A great way to remove rotational mass is to have your bike stolen. 0 rotational mass. 😉


----------



## Harold (Dec 23, 2003)

jrhone said:


> Alot of misconceptions about Airtags out there and in this thread. The Airtag uses the SAME concept as the Tile just a much larger network. I have never heard of someone saying the Tile is a stalking device. The anti stalking features kick in when an airtag is around you for a long time without the owner around. So this wouldnt kick in for a while. You would have some time to try and locate your bike before this happened. I use them and they work great. No issues. They have a watch battery inside and that lasts about a year. They also weigh almost nothing. Its an interesting idea to out one in the wheel. Id like to see more data on the wheel balance as well as how it holds up as well as the possible damage to a rim.


Family alleges AirTag was used to stalk mother and daughter on Disney World trip | AppleInsider 

‘I was just really scared’: Apple AirTags lead to stalking complaints | Technology | The Guardian


----------



## toyotatacomaTRD (Apr 4, 2012)

Harold said:


> Family alleges AirTag was used to stalk mother and daughter on Disney World trip | AppleInsider
> 
> ‘I was just really scared’: Apple AirTags lead to stalking complaints | Technology | The Guardian


You have brought it up a couple times in this thread now and it's definitely getting a lot of play in the news. But here is an article from 2003 where gps trackers were being used to stalk people. Are airtags a problem? Yes. Are they the only source of the problem? Definitely not.

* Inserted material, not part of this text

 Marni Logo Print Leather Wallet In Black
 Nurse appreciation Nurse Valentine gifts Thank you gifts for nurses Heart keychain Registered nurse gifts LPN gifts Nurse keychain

Stalkers Use GPS to Track Victims


MILWAUKEE — Connie Adams found it impossible to escape her ex-boyfriend. He would follow her as she drove to work or ran errands. He would inexplicably pull up next to her at stoplights and once tried to run her off the highway, authorities said. When he showed up at a bar she was visiting for […]




www.wired.com


----------



## flgfish (11 mo ago)

spaightlabs said:


> A great way to remove rotational mass is to have your bike stolen. 0 rotational mass. 😉


I’ve never viewed an AirTag as a theft deterrent, and it seems like you could stash one in the steerer or grip end a lot easier than in a tire. 🤷‍♀️


----------



## Harold (Dec 23, 2003)

toyotatacomaTRD said:


> You have brought it up a couple times in this thread now and it's definitely getting a lot of play in the news. But here is an article from 2003 where gps trackers were being used to stalk people. Are airtags a problem? Yes. Are they the only source of the problem? Definitely not.


The issue with these and the stalking thing is that they're cheap and they're easy to use. The way they work makes the "network" a lot more widespread than tile devices. The fact that they are so inexpensive and easy to use makes it very easy for people to experiment with other uses for them, including but not limited to stalking. That reason alone brings more concern than for the more traditional "gps tracker" type devices which are more expensive and not as simple to use/implement for the purpose.

Apparently, people didn't get my reference to "nerf into oblivion" but by that I meant that Apple taking steps to make them more difficult to use for stalking (Apple itself has admitted taking these steps) will also make them less useful for purposes beyond the "find your keys" sort and make them less attractive to people to buy to experiment with. That may well end up being a death knell for them (not an immediate one, but probably a slower one). I only posted articles because @jrhone expressed doubts that they are used to stalk at all.

I also have strong doubts about their long-term viability for use in theft prevention or recovery. It's not difficult to defeat something like this. And while hiding it inside your tire makes that more difficult, inside the tire as a hiding place has its own very real drawbacks.


----------



## toyotatacomaTRD (Apr 4, 2012)

Harold said:


> The issue with these and the stalking thing is that they're cheap and they're easy to use. The way they work makes the "network" a lot more widespread than tile devices. The fact that they are so inexpensive and easy to use makes it very easy for people to experiment with other uses for them, including but not limited to stalking. That reason alone brings more concern than for the more traditional "gps tracker" type devices which are more expensive and not as simple to use/implement for the purpose.
> 
> Apparently, people didn't get my reference to "nerf into oblivion" but by that I meant that Apple taking steps to make them more difficult to use for stalking (Apple itself has admitted taking these steps) will also make them less useful for purposes beyond the "find your keys" sort and make them less attractive to people to buy to experiment with. That may well end up being a death knell for them (not an immediate one, but probably a slower one). I only posted articles because @jrhone expressed doubts that they are used to stalk at all.
> 
> I also have strong doubts about their long-term viability for use in theft prevention or recovery. It's not difficult to defeat something like this. And while hiding it inside your tire makes that more difficult, inside the tire as a hiding place has its own very real drawbacks.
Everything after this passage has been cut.